Consistent with the metaphor of cultivation, building these networks takes time, and a unit should consider this ongoing work. With each new search, try reaching out to seven new potential partners–a combination of HSIs, HCBUs, and affinity groups. Once a strong relationship with a partner begins, it can be a consistent source of diverse candidates for the unit that started the partnership and other departments across the university!

The Position Description

In Best Practices for Faculty Search Committees, Jeffrey Buller writes, “Successful diversity efforts begin with the design of the position.” Given the importance of diversity for executing the highest quality research and providing our students with the highest quality educational experience, all positions should include a diversity (not identity) paradigm in the job description (see Appendix 3: A Diversity Enriched Position Description). How can we do that?
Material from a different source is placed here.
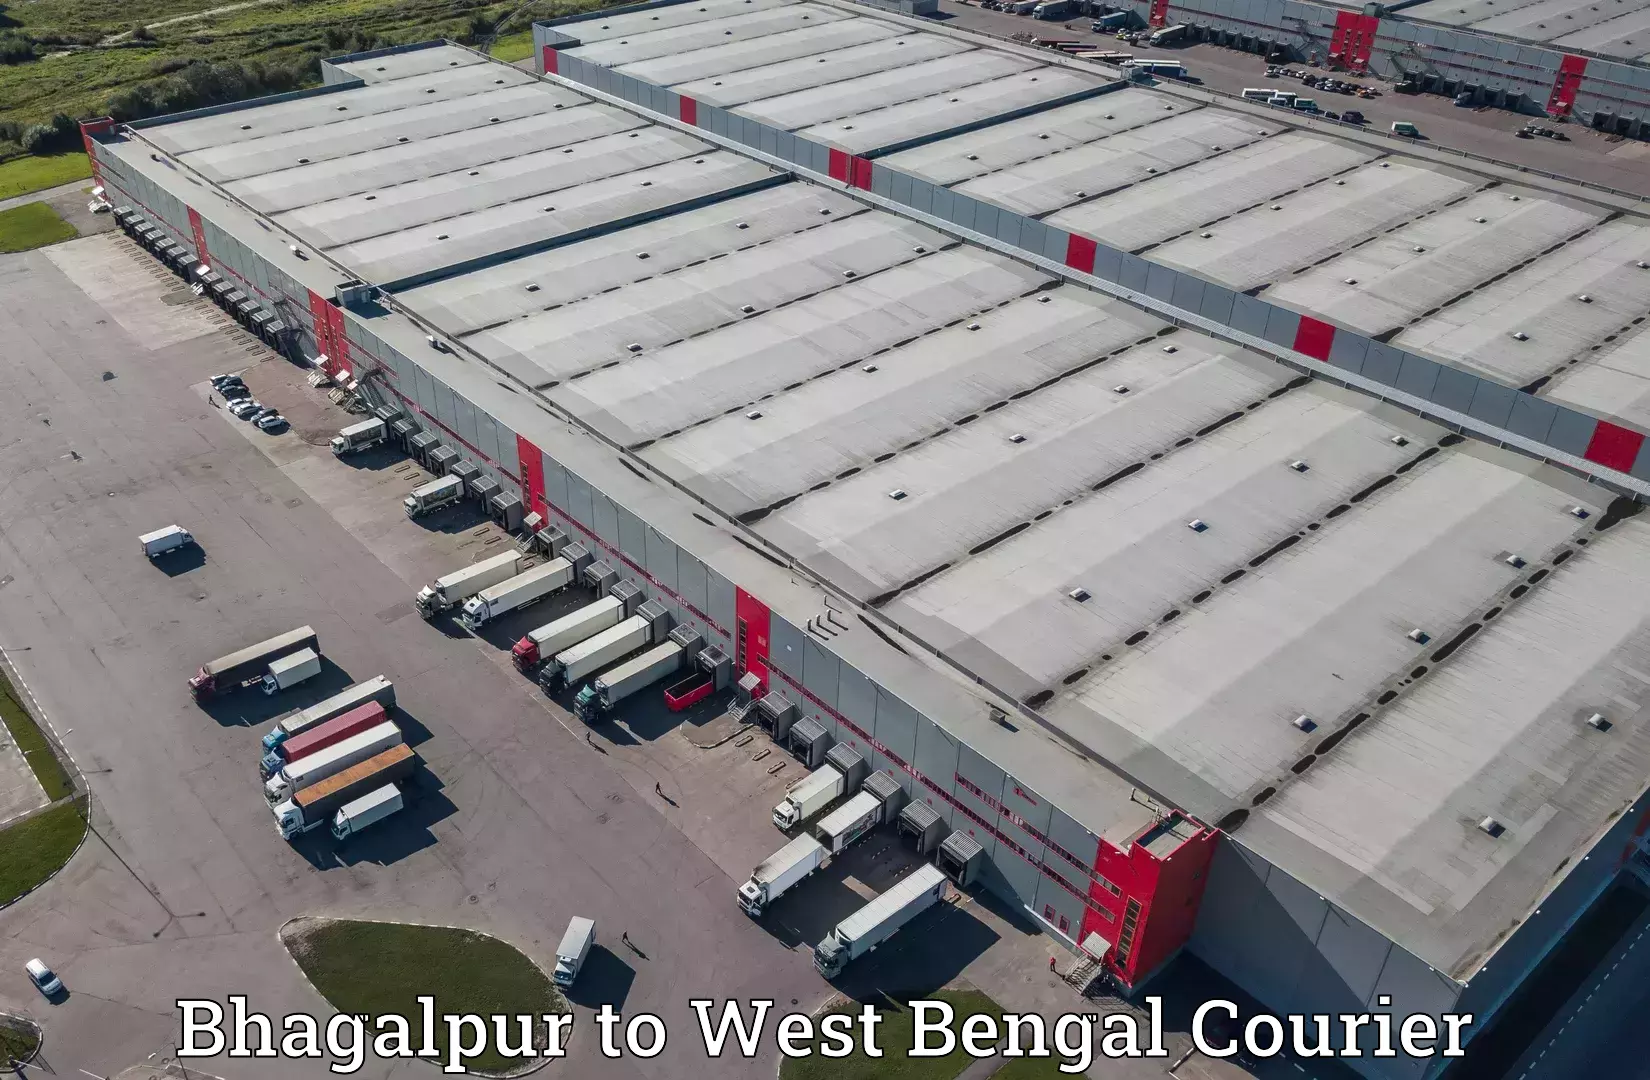 Global logistics network Bhagalpur to West Bengal

Essential Requirements Only

List only requirements that are unquestionably indispensable for the duties of the position. For example, posts often require a Ph.D. when other terminal degrees or professional experience would be appropriate.

Specific Measurable Skills

Agree on specific and measurable skills and experiences that are directly related to the position while casting a wide net.

Broad Position Definition

Define the position as broadly as possible while remaining within departmental/program needs.

Impact Analysis

Determine how each measurable skill/experience you conceive will impact the search and decide if that impact is acceptable relative to broader needs.

Specialty for Diversity

Consider creating a position in an area of specialty that tends to attract diverse graduate students.
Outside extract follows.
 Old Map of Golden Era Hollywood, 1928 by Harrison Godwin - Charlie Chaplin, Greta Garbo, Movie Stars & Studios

Damon Williams and Kristina Wade Golden suggest avoiding a narrow definition of merit that focuses solely on scholarship, noting that a “position description might include demonstrating the ability to work with and mentor diverse students and colleagues, understanding retention issues in higher education, and possessing a variety of teaching methods or curricular perspectives that embrace interdisciplinary research.”

Screening Criteria

Writing the position description provides an opportune moment to develop screening criteria. Indeed, the search committee should develop very explicit and detailed screening criteria that connect directly to the position description long before receiving applications. Because research has shown that we tend to favor people that we “like” and then adjust selection criteria afterward to those to whom we are partial committees should:

  1. Avoid vague and unspecified standards.
  2. Avoid relying on proxies for evaluating value, such as an institution’s status or an advisor’s reputation.
  3. Develop clear-cut and explicit practices regarding conflict of interest and potential nepotism within your search committee.
  4. Please see the University Conflict of Interest and Commitment Policy, particularly item four, for guidance on what constitutes a conflict of interest.
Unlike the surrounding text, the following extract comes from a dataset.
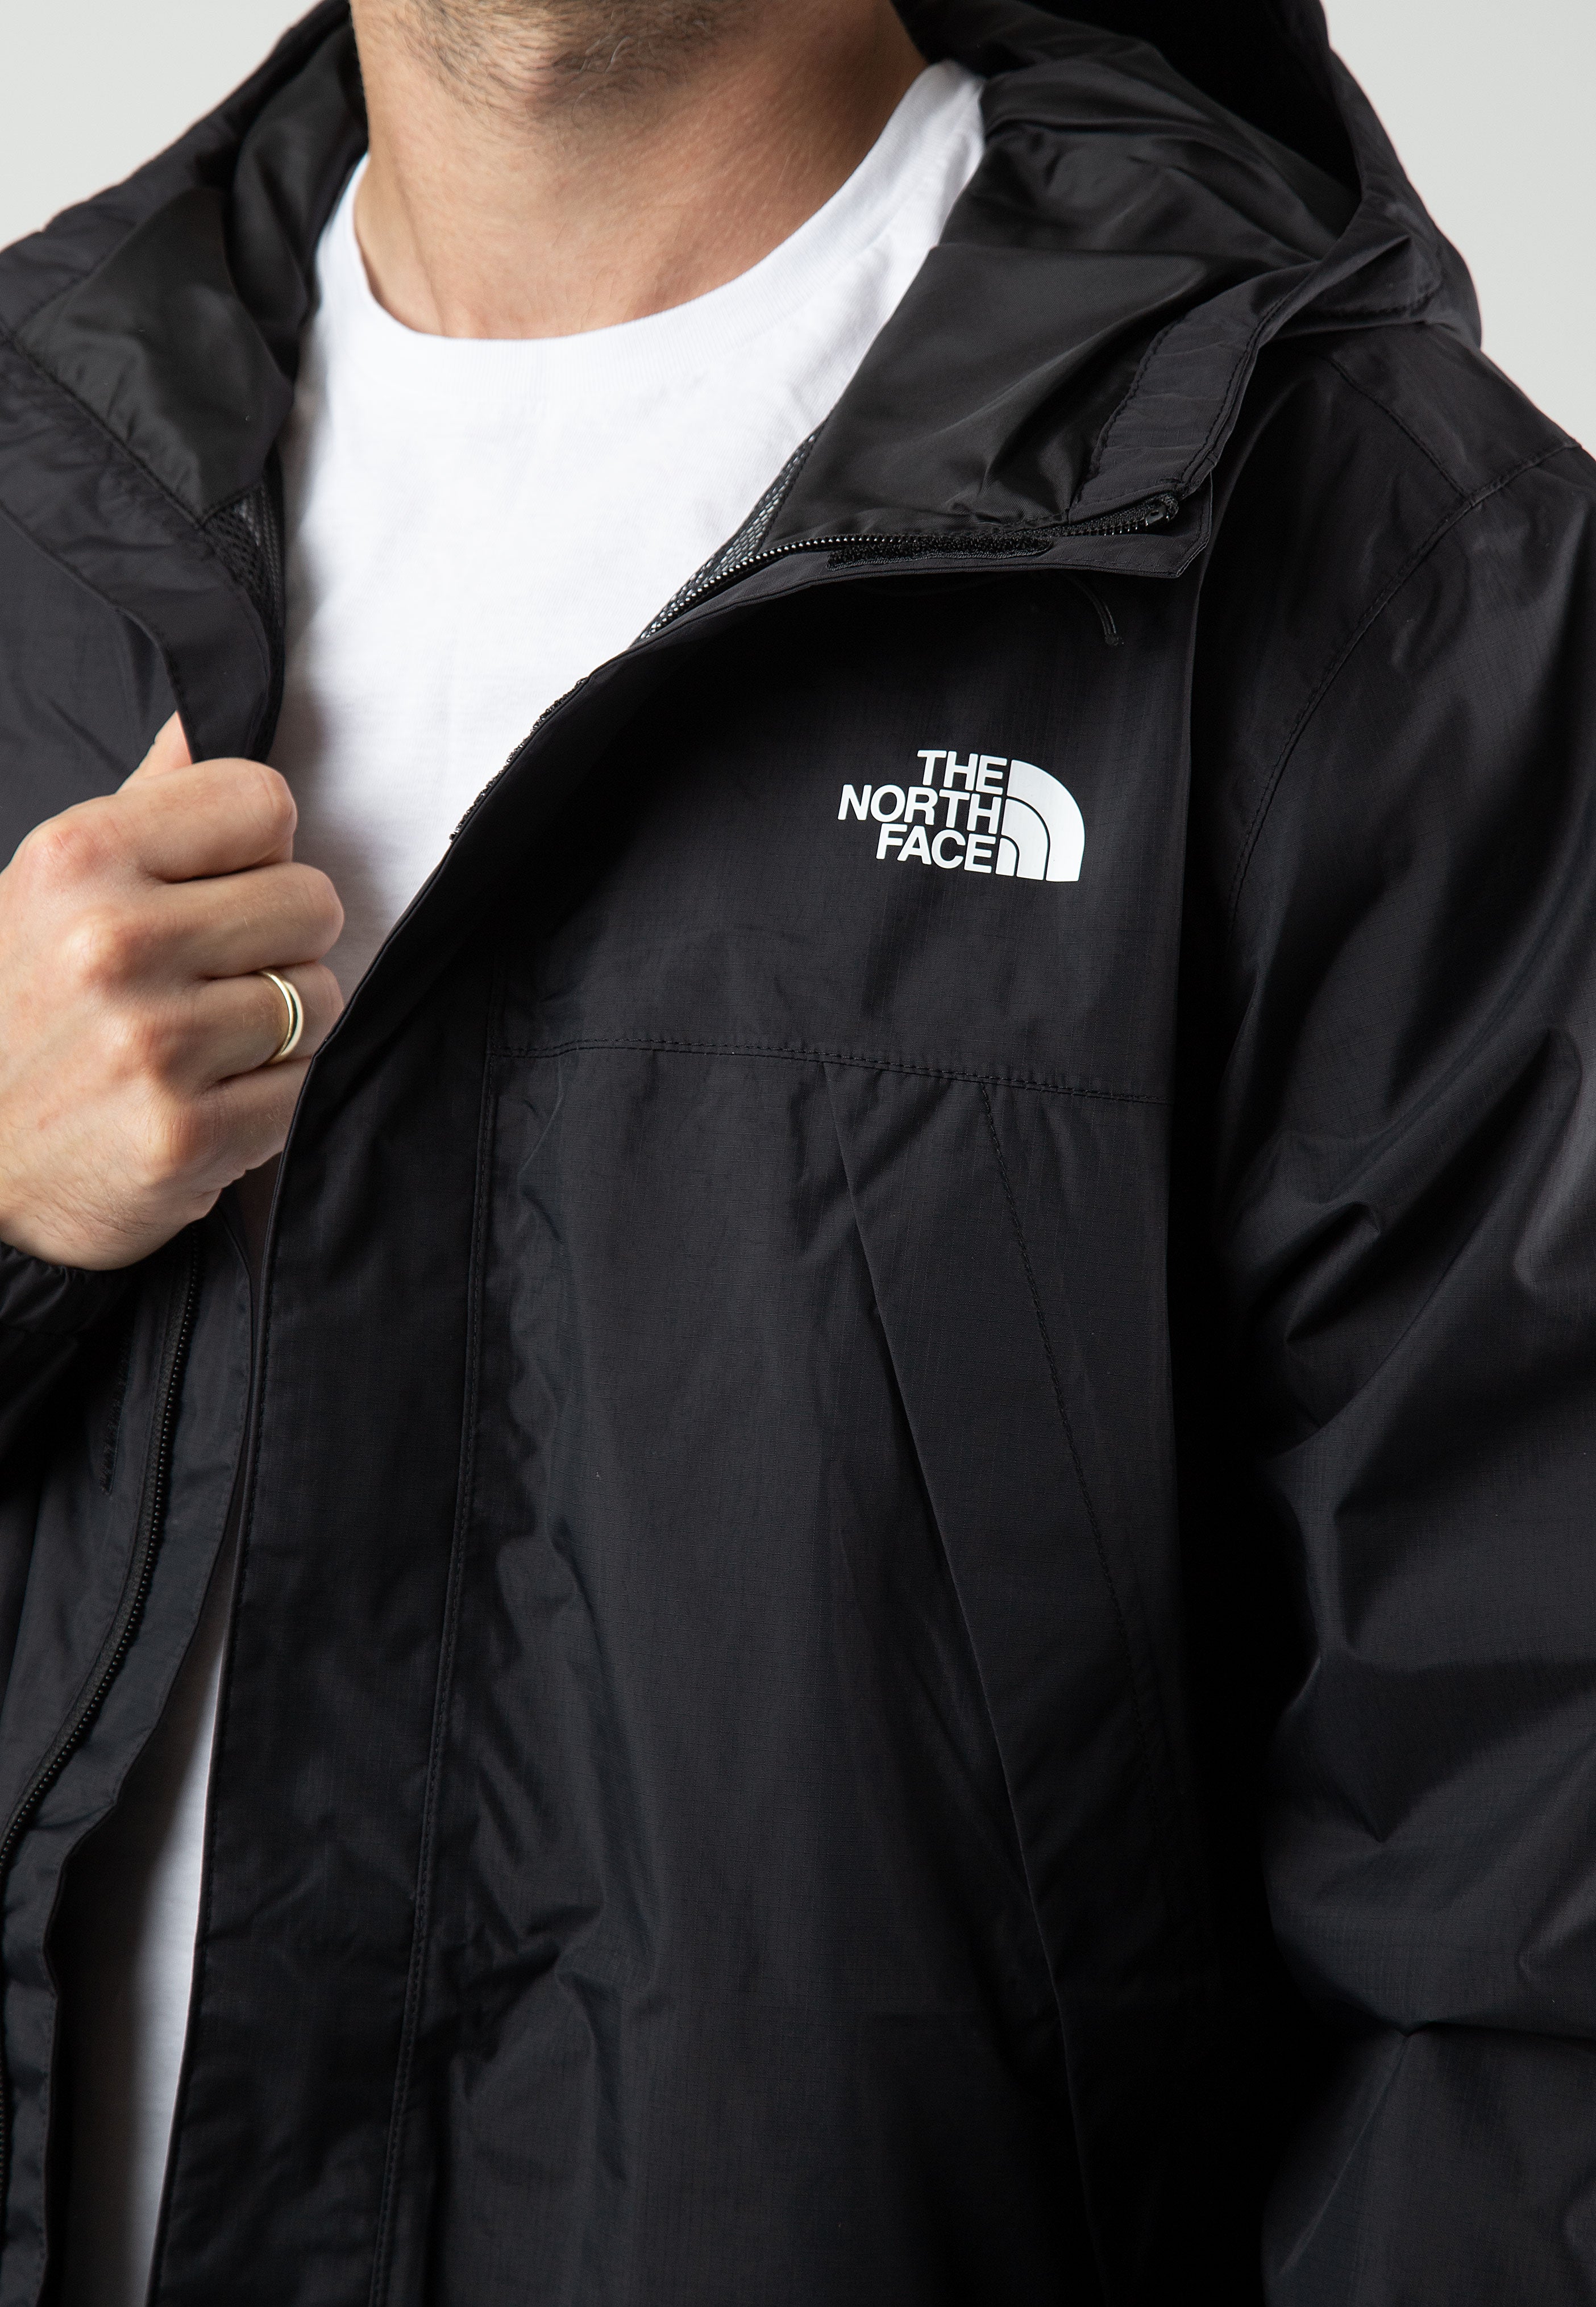 The North Face - Antora Tnf Black - Jacket

Thus, consider adding some of the following as essential selection criteria for all candidates:

  1. Teaching: A background in pedagogical approaches that boost the advancement of underrepresented students.
  2. Research and Creative Work: Scholarship that promotes access and equity.
  3. Professional Activities: Efforts to advance minoritized groups in the candidate’s field.
  4. Service: Experience promoting diversity, equity, and inclusion, such as recruitment, retention, and mentoring of underrepresented or minoritized faculty, staff, and students.

In addition to adding these to the committee’s selection criteria, including them under “highly desirable qualifications in the job description communicates to potential applicants that their work in diversity, equity, and inclusion would be valued here and establishes consistent expectations throughout the hiring process.